Audio Spatialization Research at CNMAT (2019)

From concerts and research conducted in the main room of our main facility at 1750 Arch Street in Berkeley, CA to large-scale installations in concert halls at UC Berkeley and beyond, enabling the exploration of a spatial dimension in music composition remains a central feature of CNMAT's research agenda.

The problem of sound spatialization is a very rich and complex topic. In the live concert production context, mimicking the directional propagation characteristics of an acoustic source presents myriad challenges on multiple fronts. First, regardless of the spatialization technique being used, a large number of loudspeakers are typically required. Even if the requisite number of loudspeakers can be sourced, a very specialized technical infrastructure is required to coordinate and condition the signals to each loudspeaker. These equipment resources are generally beyond the capabilities of the average venue and require the attention of highly specialized production staff. Second, even under ideal conditions with a large deployed and well-tuned sound system, rendering unique signals for each speaker in real-time requires significant computational resources.

In recent years, CNMAT has invested in infrastructure to address these concerns. First, and most significantly, we have outfitted our main performance facilities with permanently installed loudspeaker arrays. The Main Room at CNMAT features a unique 8.8 channel surround array developed in cooperation with Meyer Sound. This provides composers and researchers with a convenient platform for experimentation and for developing works targeted for other venues. Alongside our main facility, we have worked closely with the UC Berkeley Music Department to develop Hertz hall as a live spatialization performance venue. Several times per year we host concerts in this space with 8 or more channels of surround audio.

We have also developed a computational infrastructure specifically designed to meet the demands of live spatial audio rendering. In 2017, we commissioned and built the CNMAT Spatial Audio Server or “SPAT Machine”. This is a specially built computer that can handle up to 300 channels of audio input/output over optical MADI connections. It is designed for real-time spatial audio processing of input signals for arbitrary performance contexts and sound system configurations.

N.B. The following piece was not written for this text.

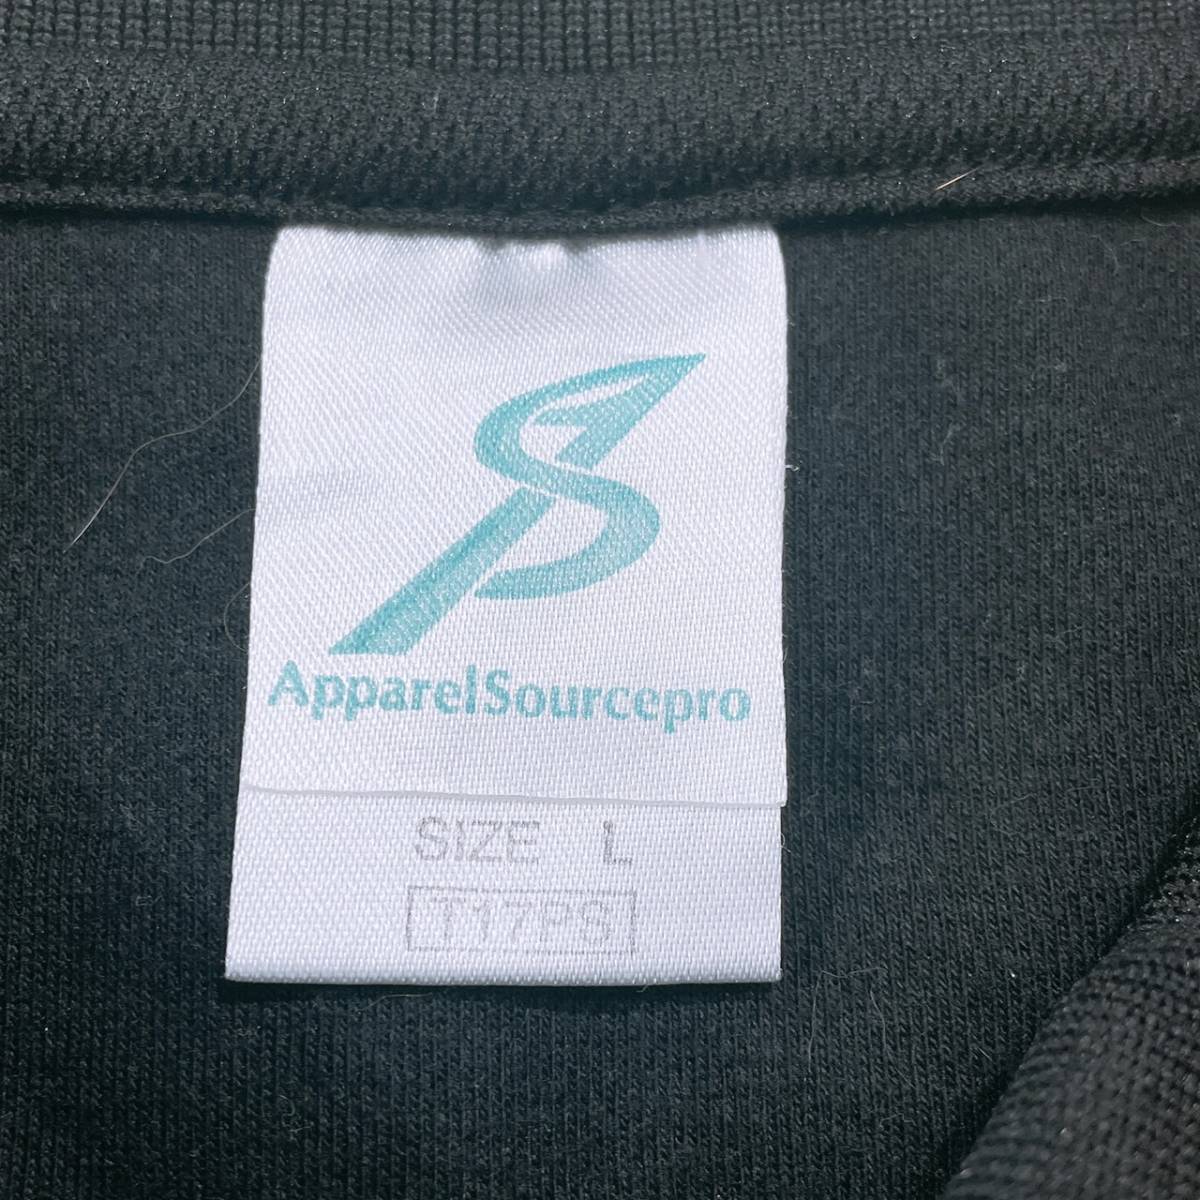 【21435】 Apparel Source Pro アパレルソースプロ トップス シャツ 半袖シャツ ポロシャツ ボタンダウン 胸ポケット ブラック 黒 L

In 2018, CNMAT secured a grant from the UC Berkeley Student Technology Fee to build a Mobile Multi-Purpose Surround Array (MMPSA). This infrastructure was built to provide a mobile spatial audio platform for student concerts in spaces outside of CNMAT and Hertz Hall and can be deployed in combination with existing, above-named infrastructure. The system mirrors the capabilities of the CNMAT main room but is designed to be quickly deployed in remote locations, thereby enabling the creation of an immersive spatial audio venue nearly anywhere it is required. This system is also highly configurable and expandable to enable experimentation with various loudspeaker layouts for use in ambisonic and wave-field arrays. Pictured below is the MMPSA deployed as part of a small wavefield installation. Additionally, we have begun to imagine a number of layouts for this array including several cable-stayed structures for creating immersive, geodesic arrays for use in ambisonic installations as well as rigid installations as 1D and 2D wavefield emitters.

Taken as a whole, these infrastructure investments have allowed us to make great strides in concert production of spatialized sound and we look forward to improving our capabilities with further rounds of investment in these systems. However, in the meantime we have recognized the utility of some of this infrastructure in addressing complementary spatial audio problems with applications in augmented and virtual reality. Since 2018 we have been conducting research into emerging problems in binaural spatial audio for virtual contexts. We have consistently found that within current commercial AR/VR applications audio is severely underprivileged relative to visual components. To address this, we have devised a computational strategy for enabling binaural spatialization of dozens of audio sources within an AR/VR scene. In contrast to the audio engines in Unity and Unreal Engine which are designed to support only a few channels of audio, our approach splits the audio rendering onto two separate computer systems that can accommodate the synthesis and spatialization of sounds within the auditory scene.

Coordination of these tasks across the various platforms is accomplished via Open Sound Control (OSC) and audio is passed between the various systems with optical MADI connections. The result is a system that can synthesize unique sounds for object interactions in the authored AR/VR scene that are realistically spatialized within the binaural sound field, accounting for the user’s head movements, head-related transfer function (HRTF) and unique position within the scene. We have demonstrated this system with 64 individual audio streams (this limitation imposed by the 64-channel limit of optical MADI).